I feel very on the fence about this one, but I think I'm leaning towards "it's okay". Like Mark says, it seems fine to say that passing things across the FFI will likely require copying, even if you have a reference. You could even say the same thing happens with owned values. If I pass a Record value, UniFFI is going to make 2 copies that wouldn't happen with a normal Rust call -- one to serialize and one to deserialize.

[linabutler]

Thank you both! 😊

I'm not sure I entirely agree with the severity of the status quo.

Oh, definitely; I don't think it's a big problem now! I've seen tickets like #2245, #2149, #2014, and #1974 fly by, plus the fact that an &T argument to a foreign trait method will always be copied, got me thinking...what would it look like if we went the other way, and made the ownership more explicit?

In some ways I see this not too dissimilar to being able to use &self. In other words, I'm asserting that the small surprise to some users is justified by the added convenience for the majority.

I like your analogy to &self, but that feels a little different to me: an &self method called from a foreign language will increment the Rust-side Arc's strong reference count; it won't clone the object, call the &self method on it, and destroy it.

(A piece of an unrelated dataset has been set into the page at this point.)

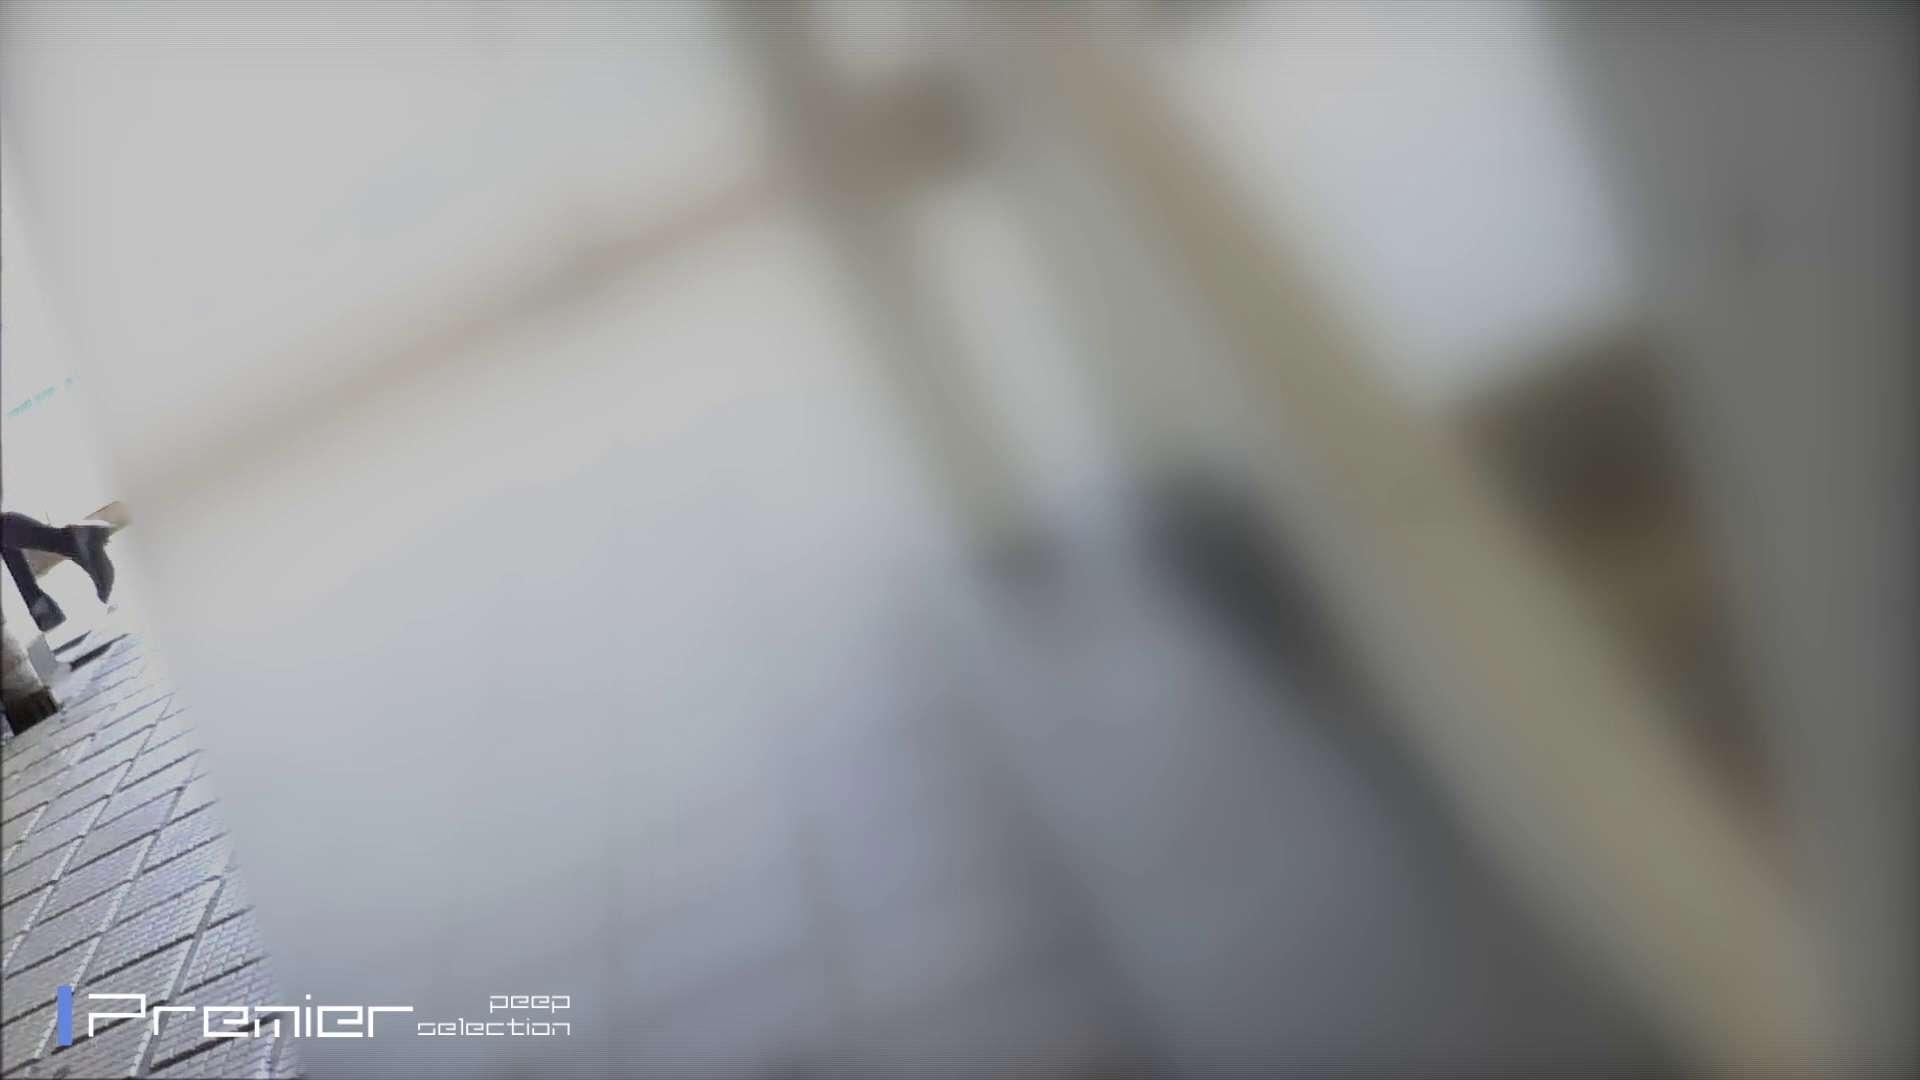 FHD激カワ!激やば! 復讐のトイレ盗撮 Vol.03 名作殿堂  78PIX 52

I think a closer analogy would be whether we allow &self (vs. self) methods on dictionaries and enums, since those are always copied when passed over the FFI (#1470, #1935 (comment)), if we ever support them at all.

But we can have both, right?

I think so; that sounds super useful! 😊 That way:

• Mixed-language (Rust and foreign) callers who know they won't need to take ownership, or who are OK with an extra .clone(), can write &T to have an idiomatic interface for Rust.
• Callers who want to unconditionally take ownership of an argument can write T.
• Callers who want to conditionally take ownership, and want to avoid that extra .clone(), can write Cow<'_, T>.